Aim of the task – The lines to transcribe begin with the one containing "What Are Environmental, Social, And" and end with the last line below; reproduce them exactly, without the pictures.

::: Recorded data

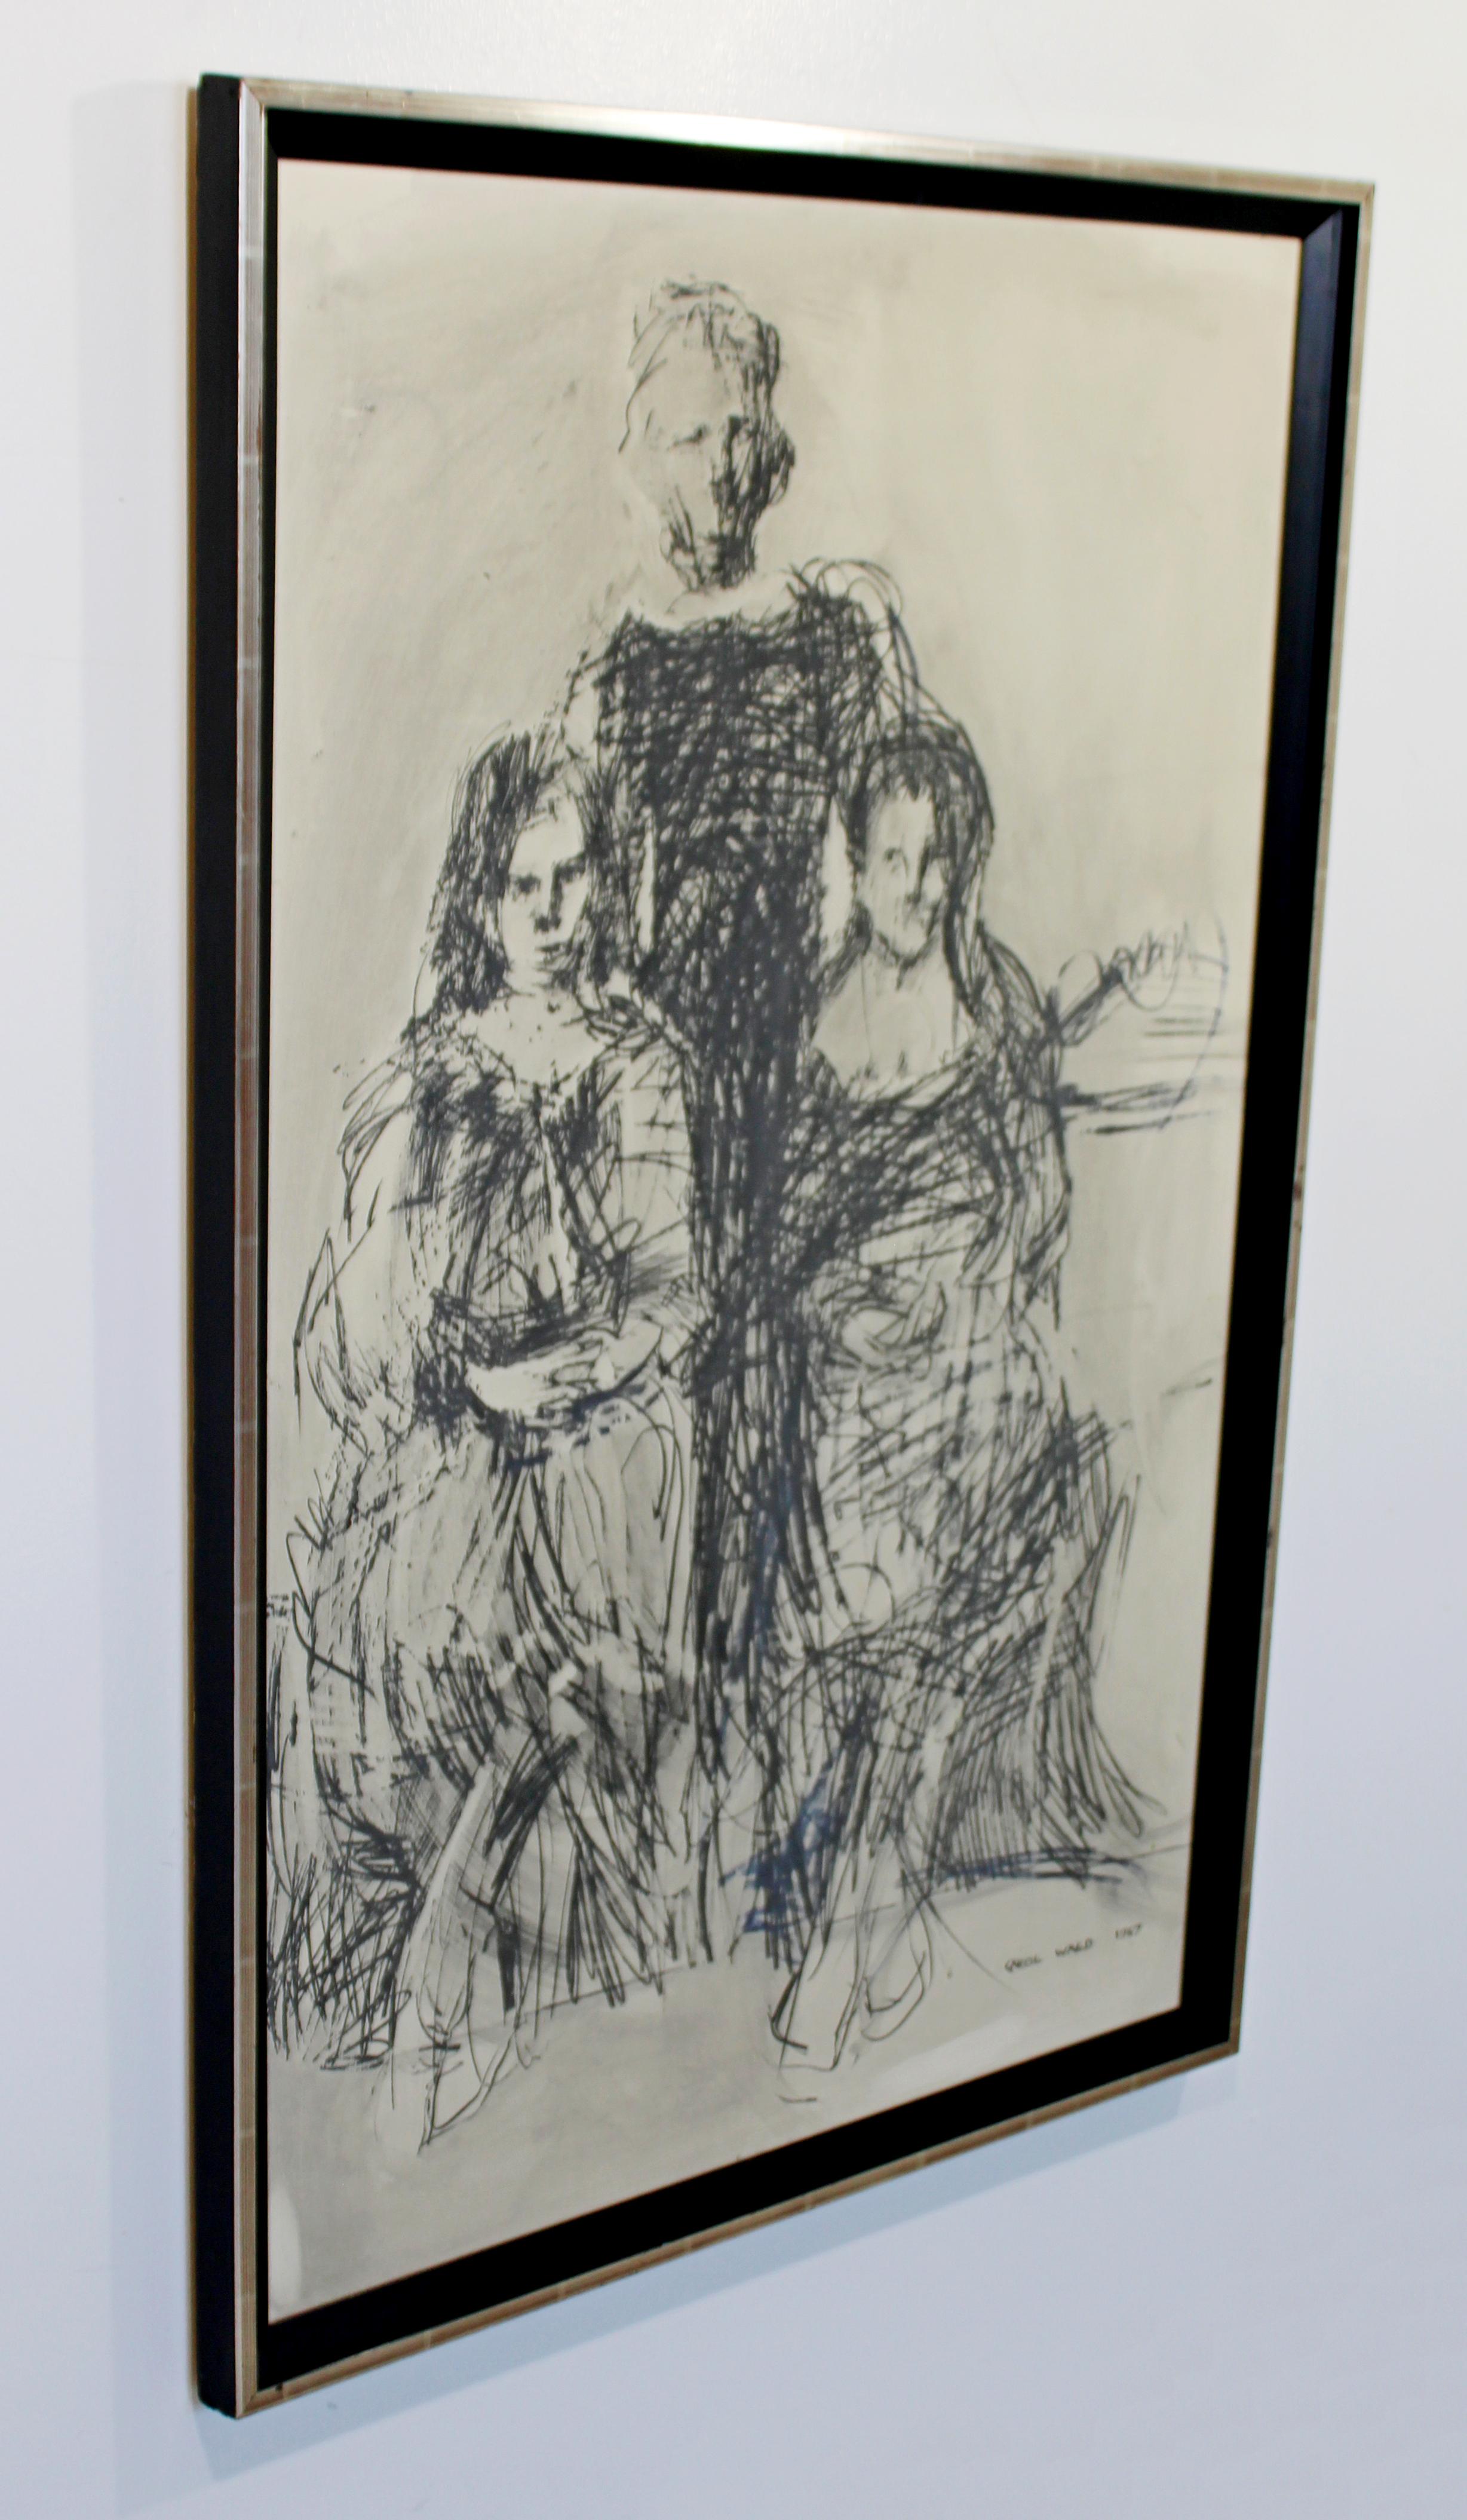 For your consideration is a striking, framed original drawing down in charcoal, signed by Carol Wald, dated 1967. In excellent condition. The dimensions are 28.25
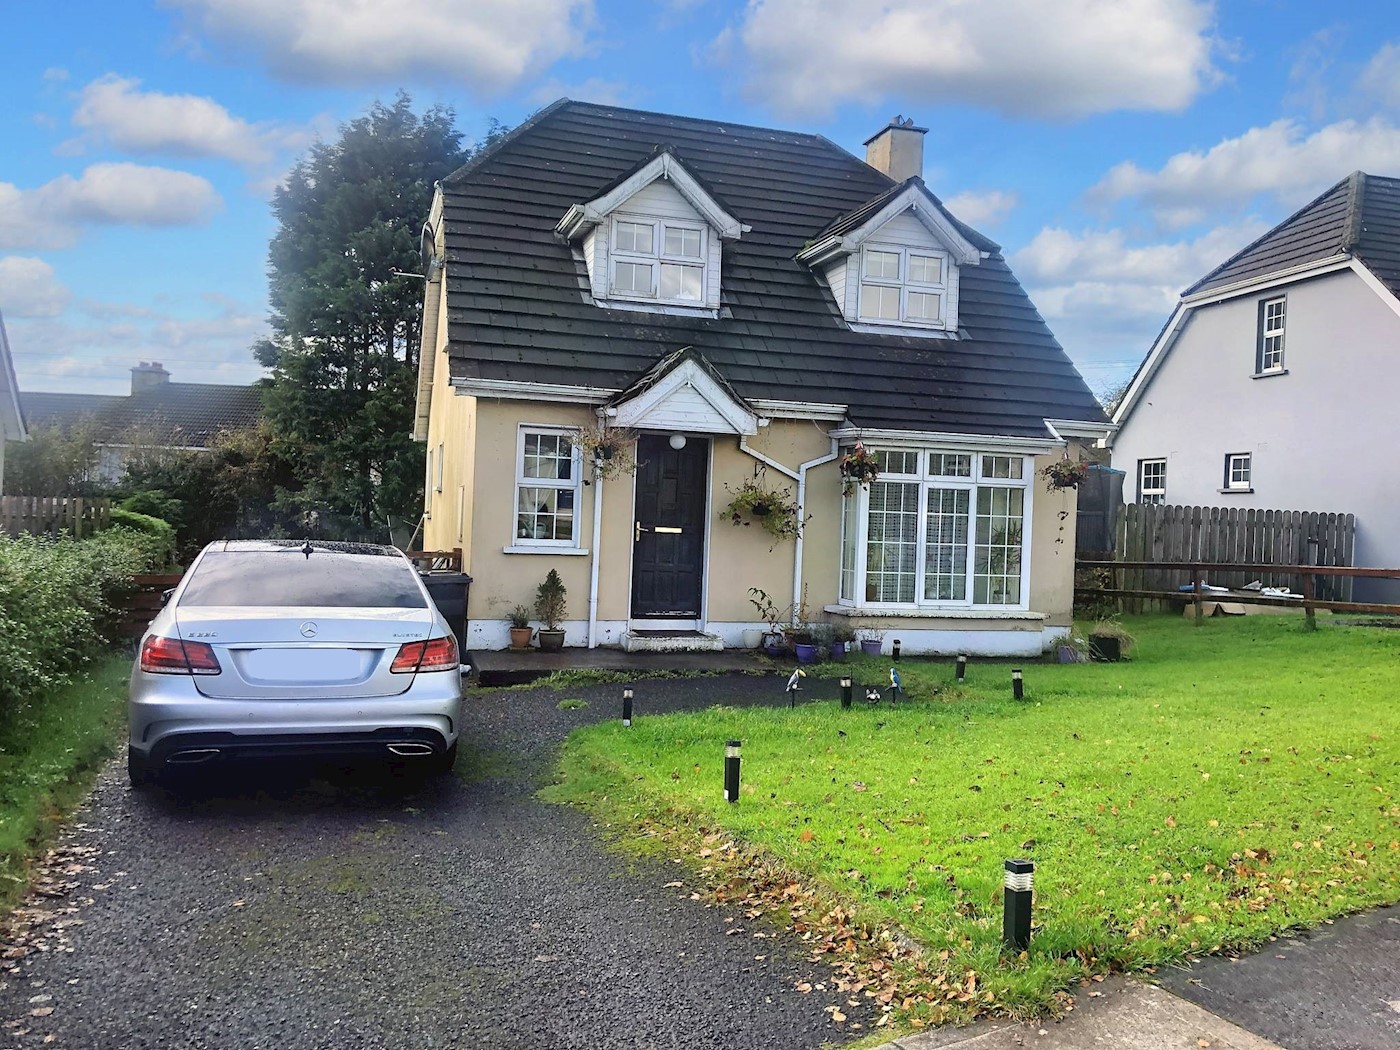 15 Orchard Drive, Donegal Town, Co. Donegal, F94 T9K5 1/6
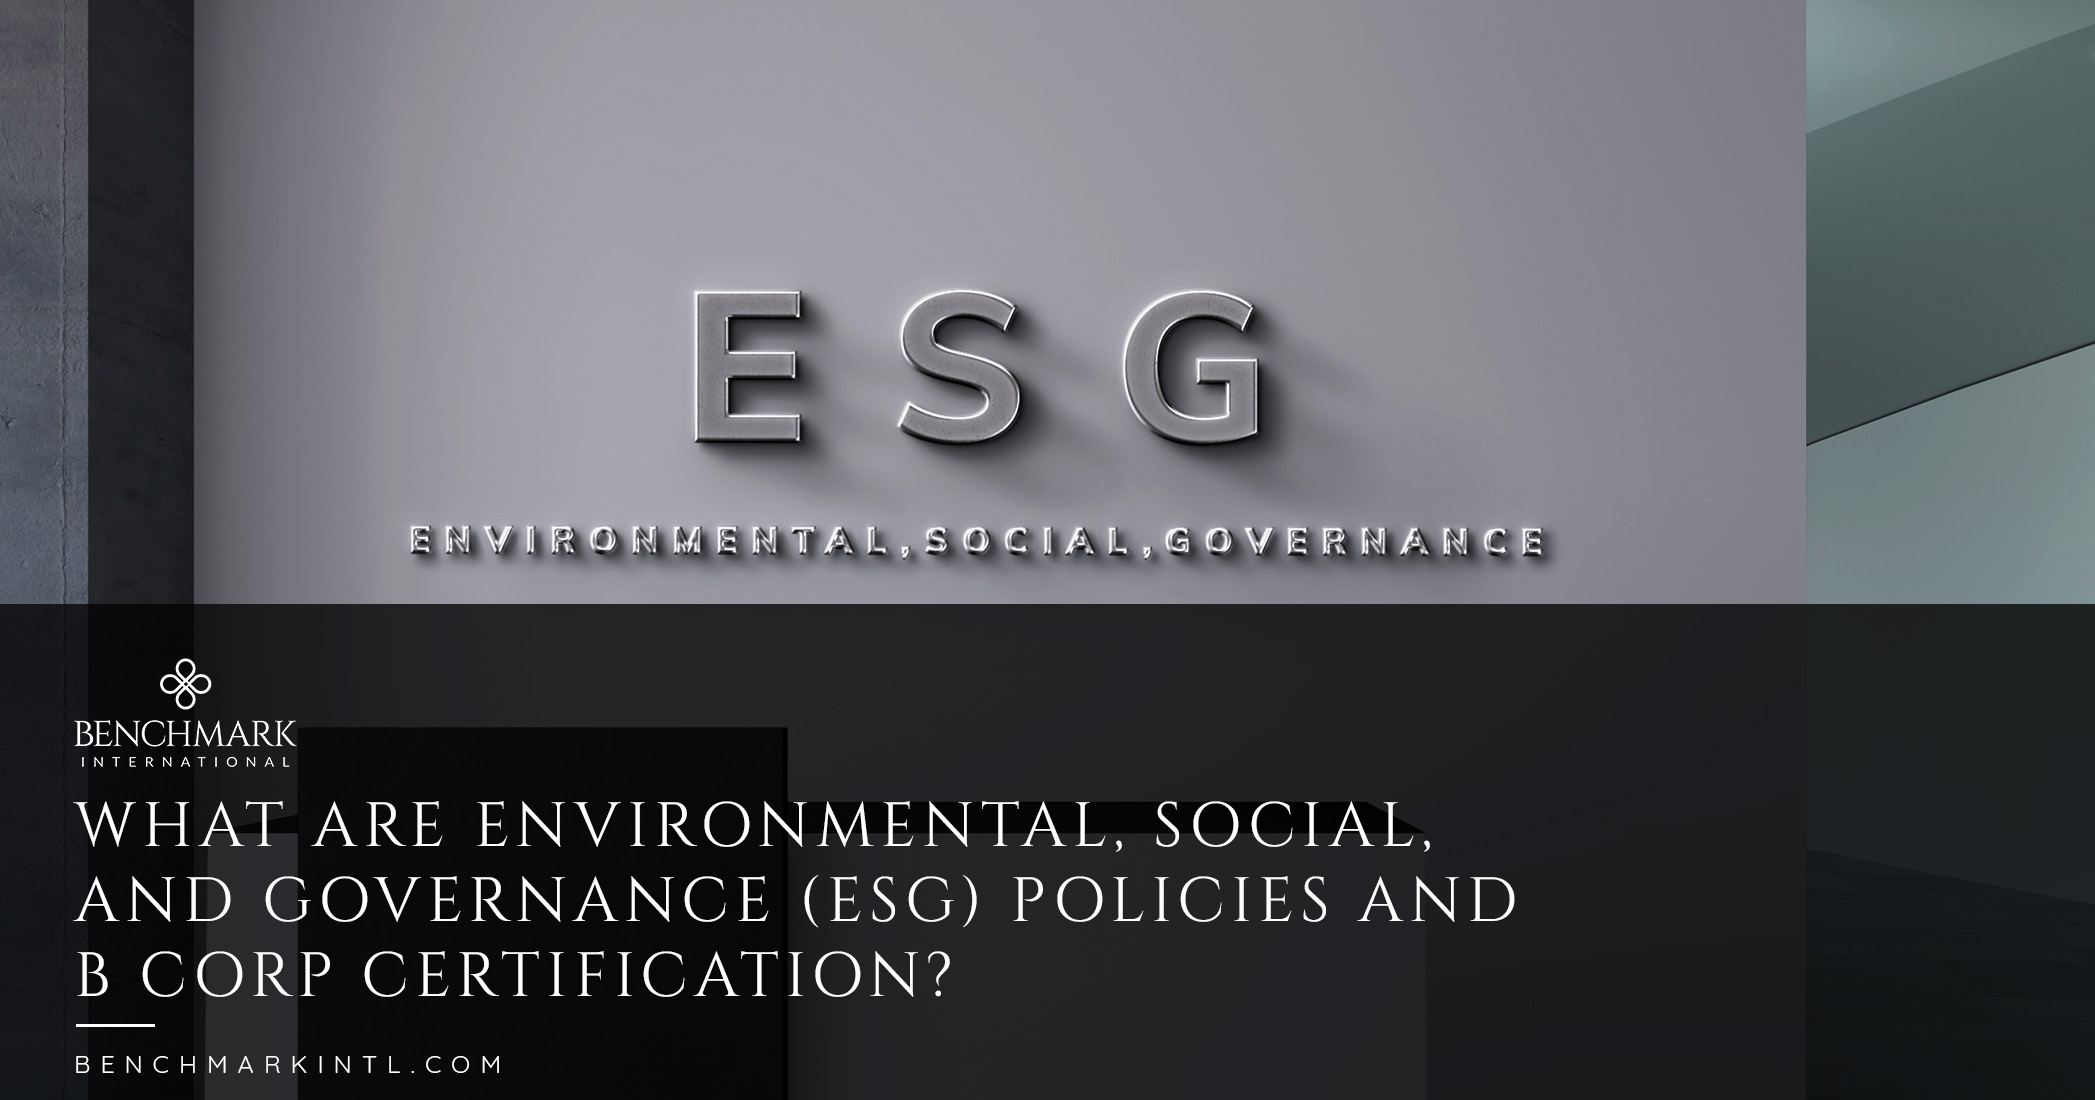 What Are Environmental, Social, And Governance (ESG) Policies And B Corp Certification?
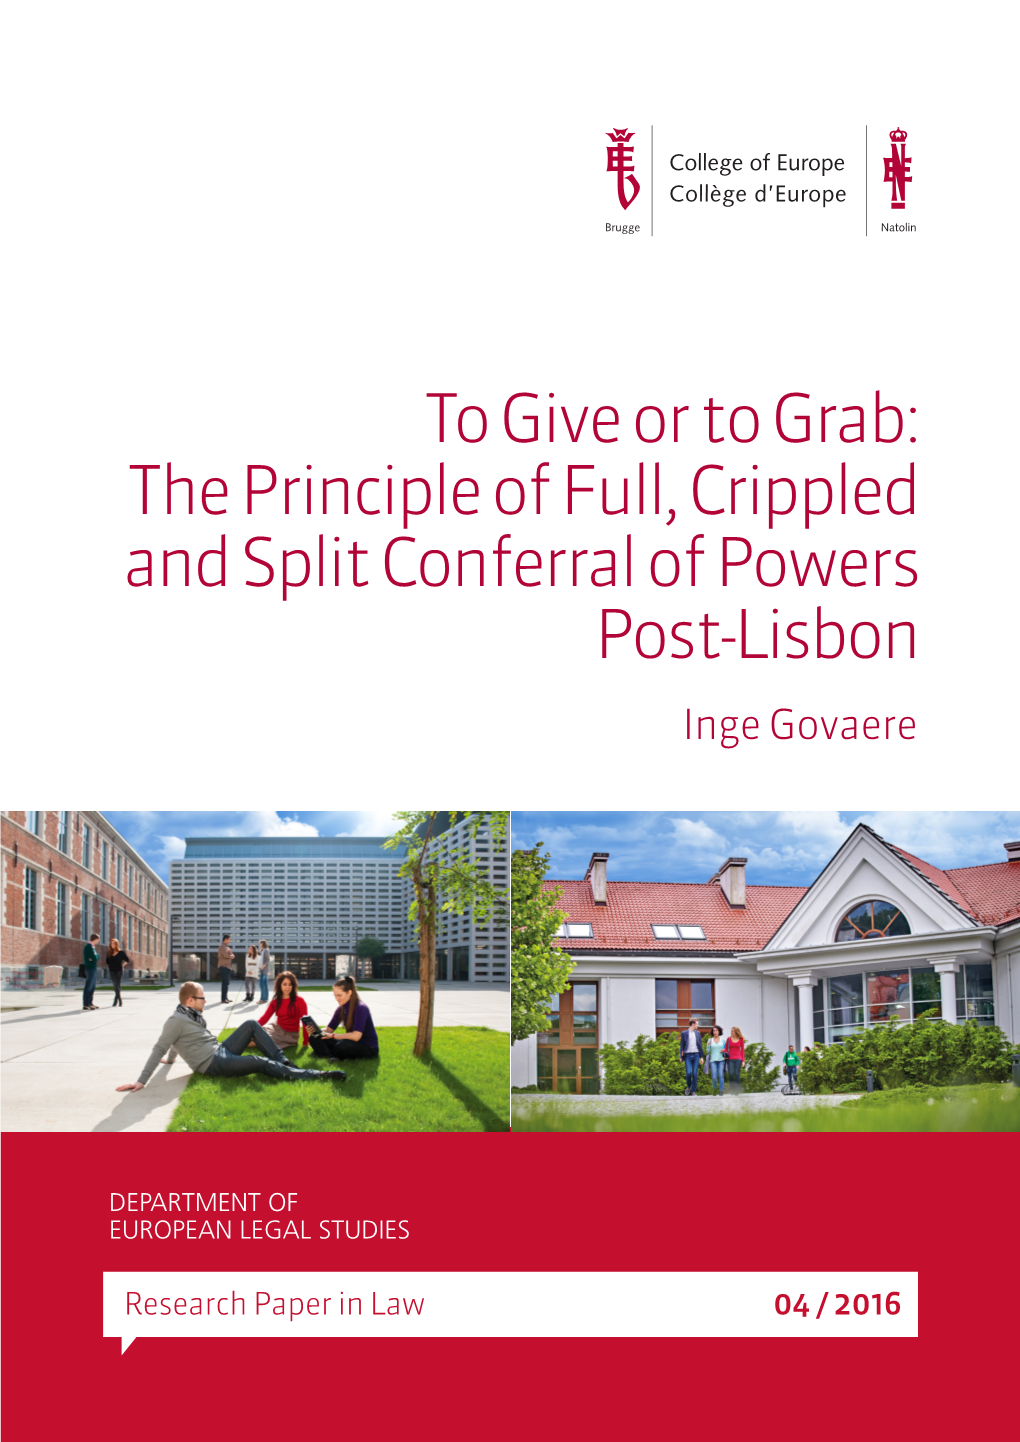 To Give Or to Grab: the Principle of Full, Crippled and Split Conferral of Powers Post-Lisbon Inge Govaere

::::::

Answer box –
 What Are Environmental, Social, And Governance (ESG) Policies And B Corp Certification?
 To Give Or to Grab: the Principle of Full, Crippled and Split Conferral of Powers Post-Lisbon Inge Govaere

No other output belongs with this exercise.